Cannes Lions & Cannes Film Festival: How AI Is Transforming the Workflow of Creative Imagination

Each year in Cannes, two iconic events capture the artistry and craftmanship of the ultimate in storytelling. The Cannes Film Festival evaluates cinema as art -- its authorship, ambition, and cultural durability -- while the Cannes Lions International Festival of Creativity assesses creativity as a driver of attention, behavior, and economic return. Although these forums have historically represented different creative traditions, AI is forcing both to confront the same underlying question: how should work be designed when cognition and imagination itself become influenced by machines?

The Business Shift: From Finite Projects to Learning Story Systems

For most of the twentieth century, films and advertising campaigns were treated as bounded projects: capital was committed, execution followed a linear path, and learning occurred only after release. This structure concentrated risk upfront and limited adaptive response. AI introduces a fundamentally different economic model -- one in which stories operate as continuously learning systems rather than fixed deliverables.

 

Jimmy Stewart, Jean Arthur, director Frank Capra and cinematographer Joseph Walker on a crowded set during the filming of Mr. Smith Goes to Washington from 1939.

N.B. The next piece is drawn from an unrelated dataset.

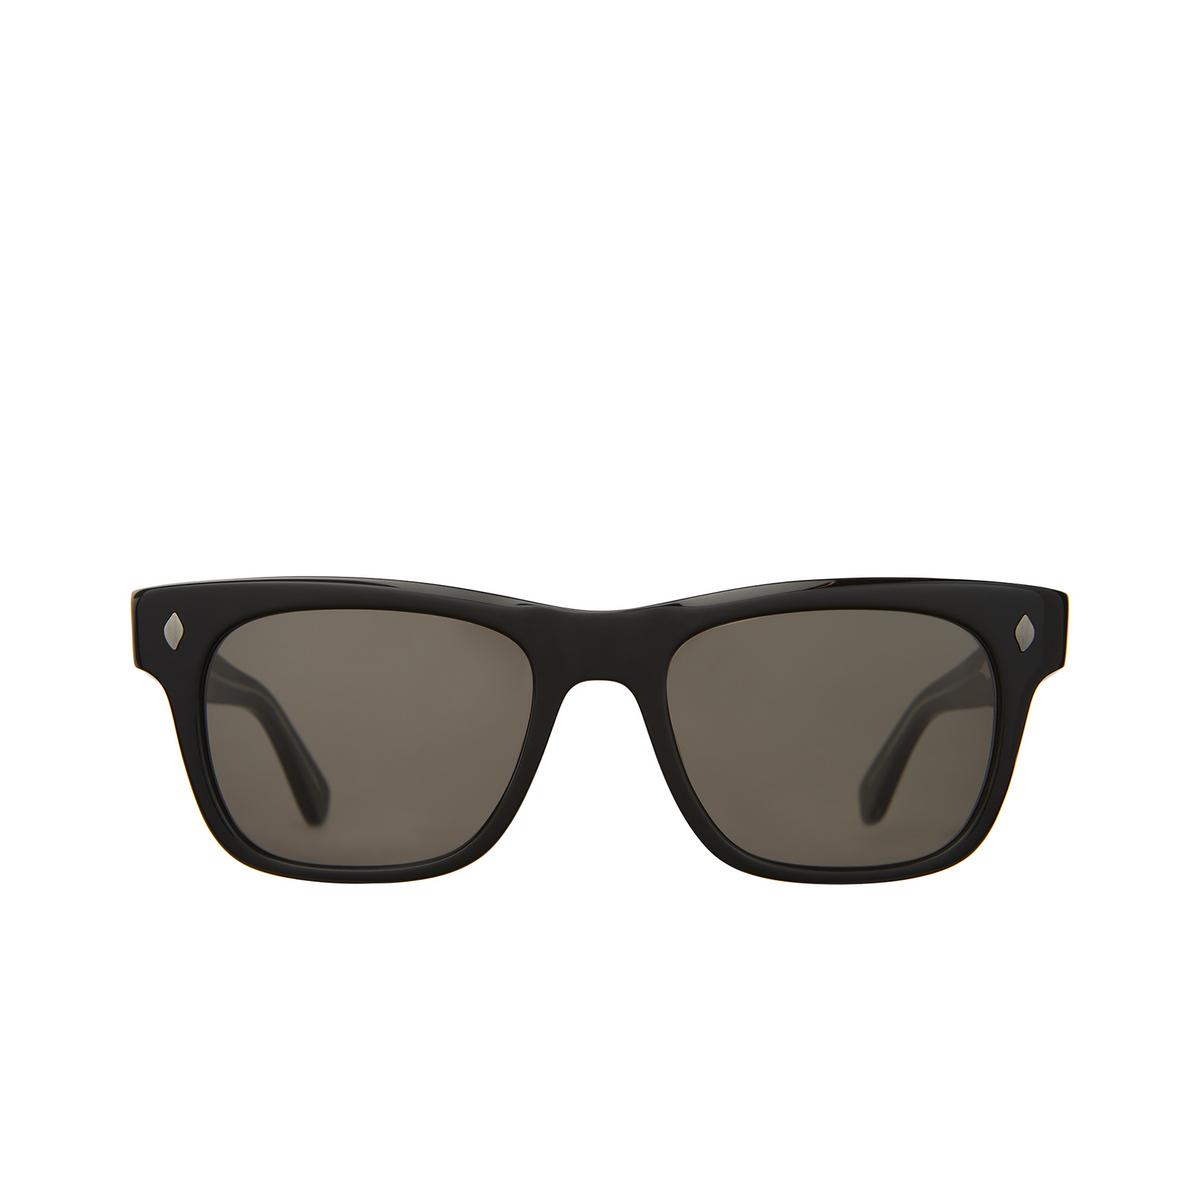 Garrett Leight® Square Sunglasses: Troubadour Sun color Black Bk/gry.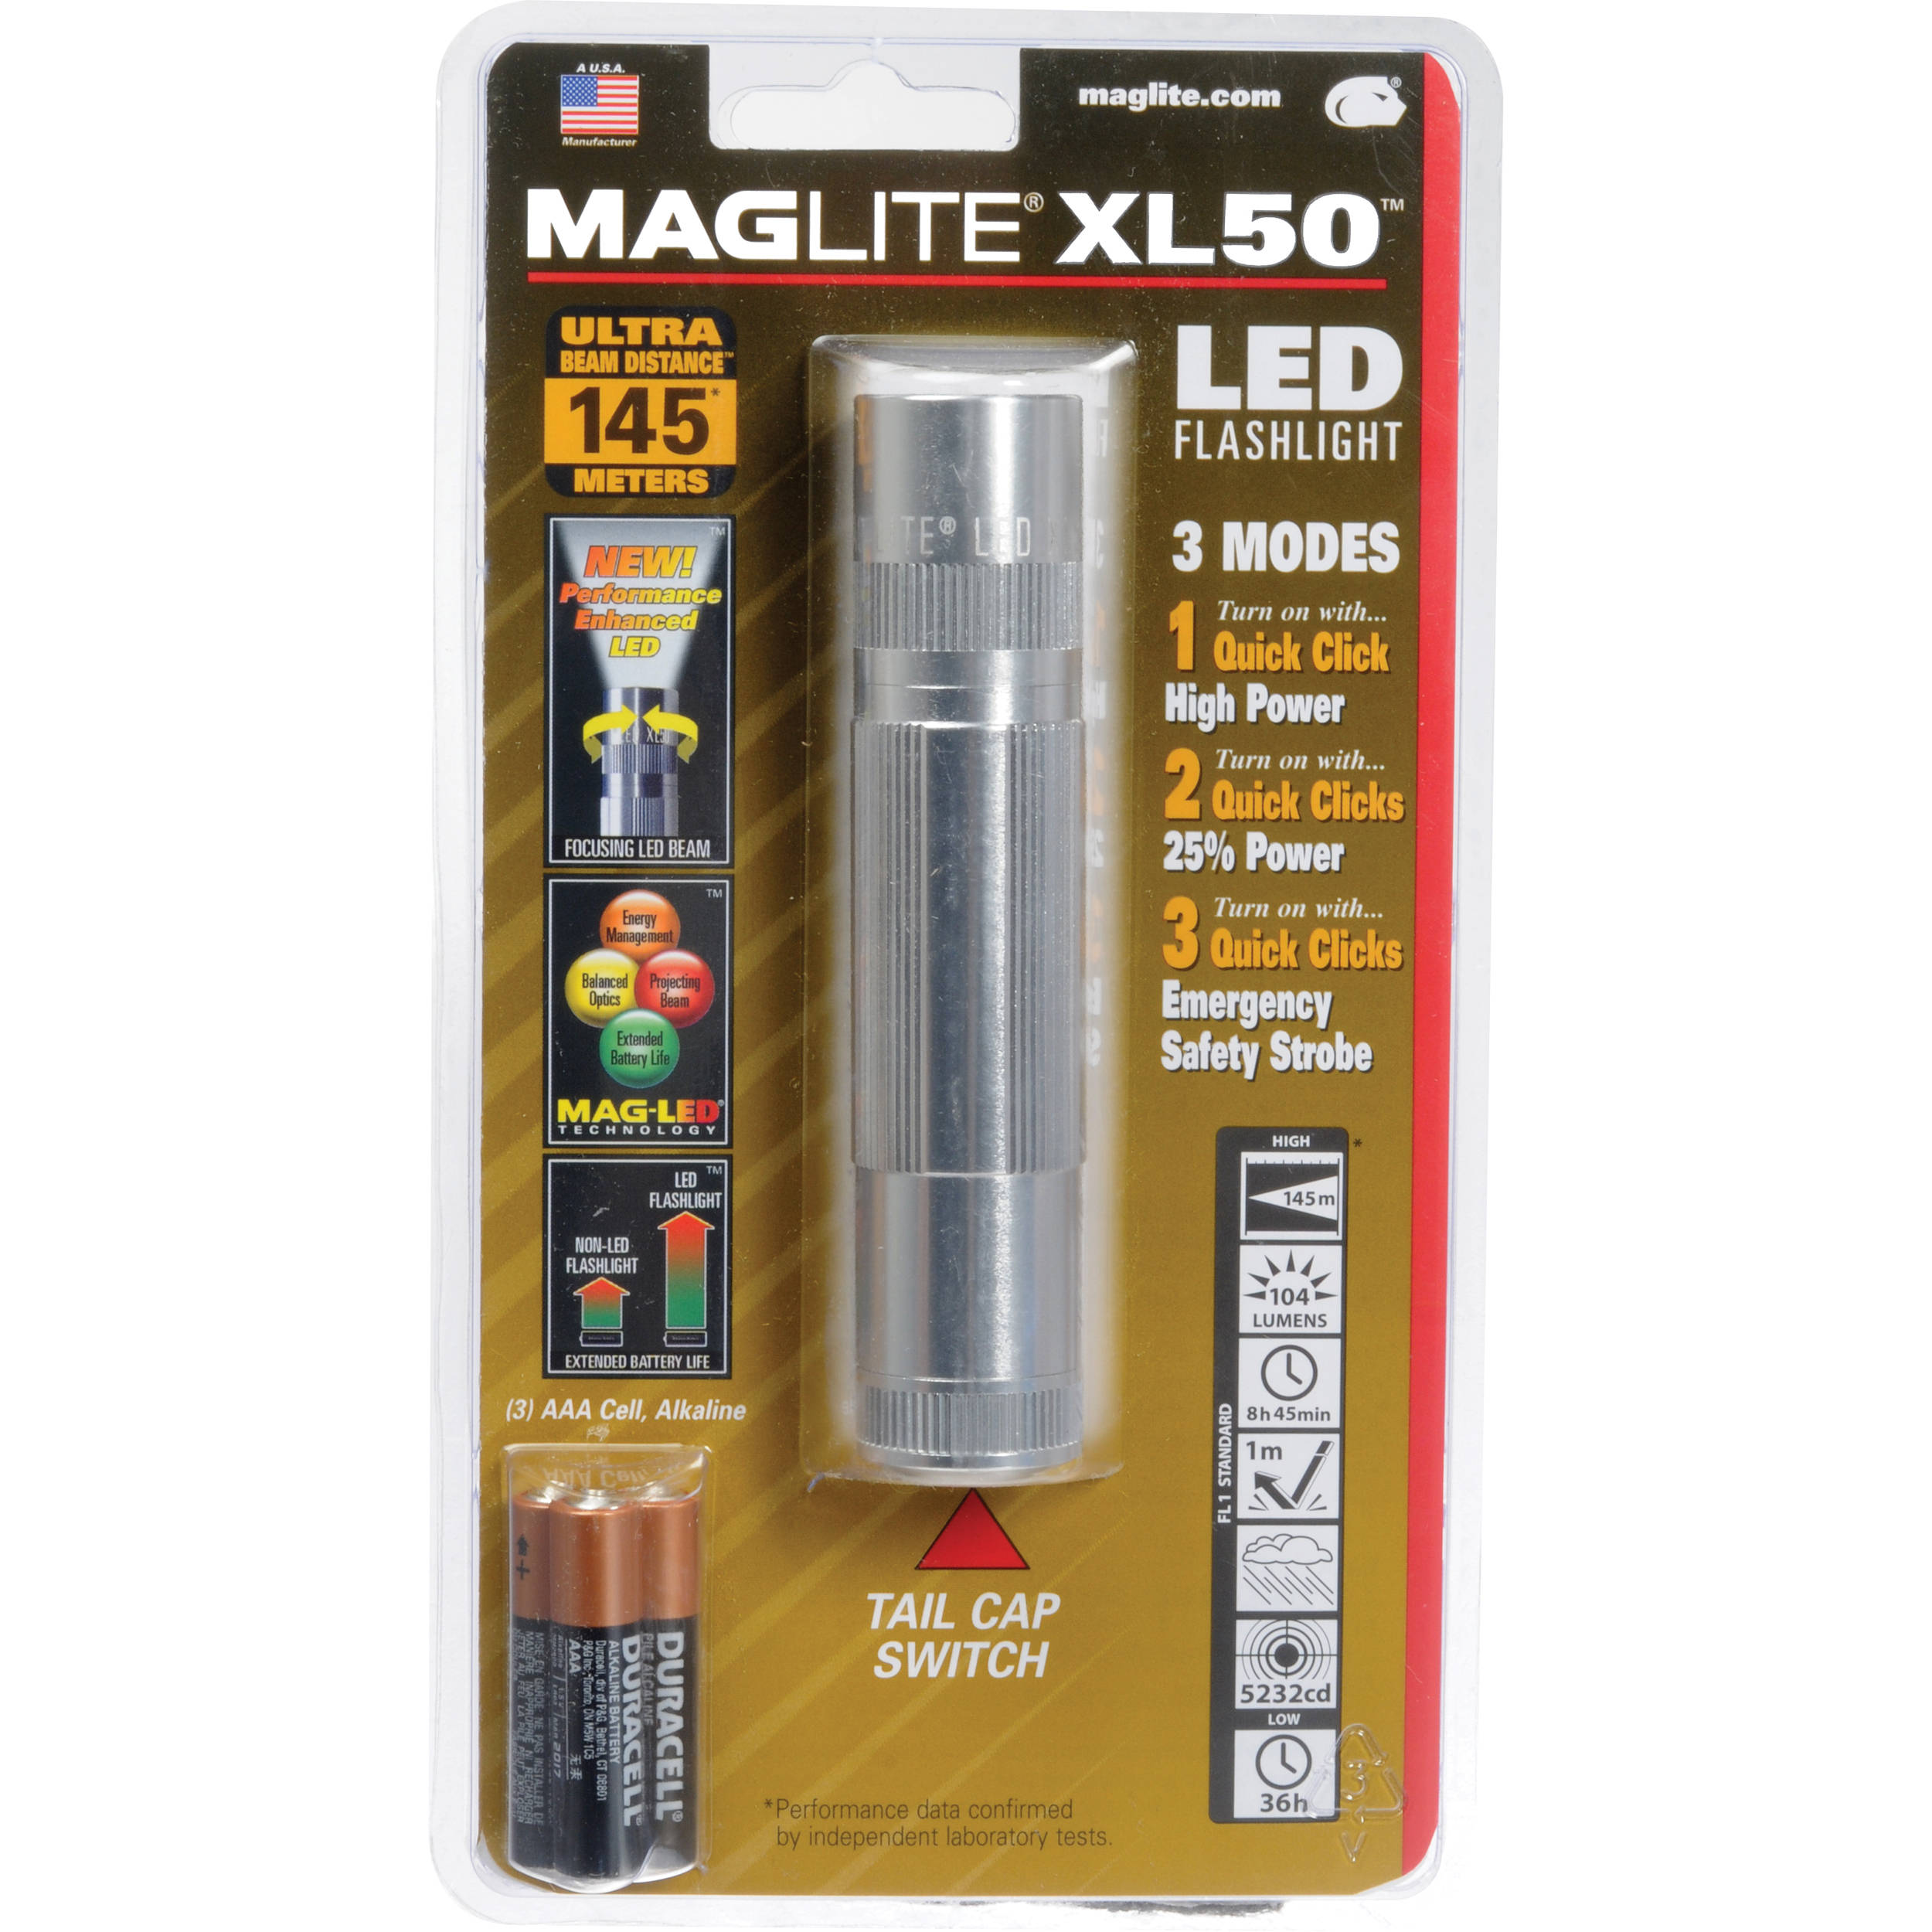 Maglite XL50 LED Flashlight XL50-S3106 B&H Photo Video

Director James Cameron and Oona Chaplin on the set of 20th Century Studios' Avatar: Fire and Ash, 2025.

In this model as illustrated above, simulation precedes production, sensing occurs in real time, and adaptation is built into the system rather than relegated to post-hoc analysis. For advertisers, this enables campaigns that improve while live; for filmmakers, it enables multiple coherent releases without creative dilution. Competitive advantage shifts from production scale to learning velocity with narrative control.

The Artistic Shift: From Singular Outputs to Directed Multiplicity

Public concern about AI in creative work often centers on authorship -- specifically, whether machine assistance erodes originality. History suggests the opposite. Each major technological inflection in film (from color to digital editing) and advertising has expanded creative agency by reducing executional friction. AI continues this pattern, but reframes originality around systems rather than artifacts.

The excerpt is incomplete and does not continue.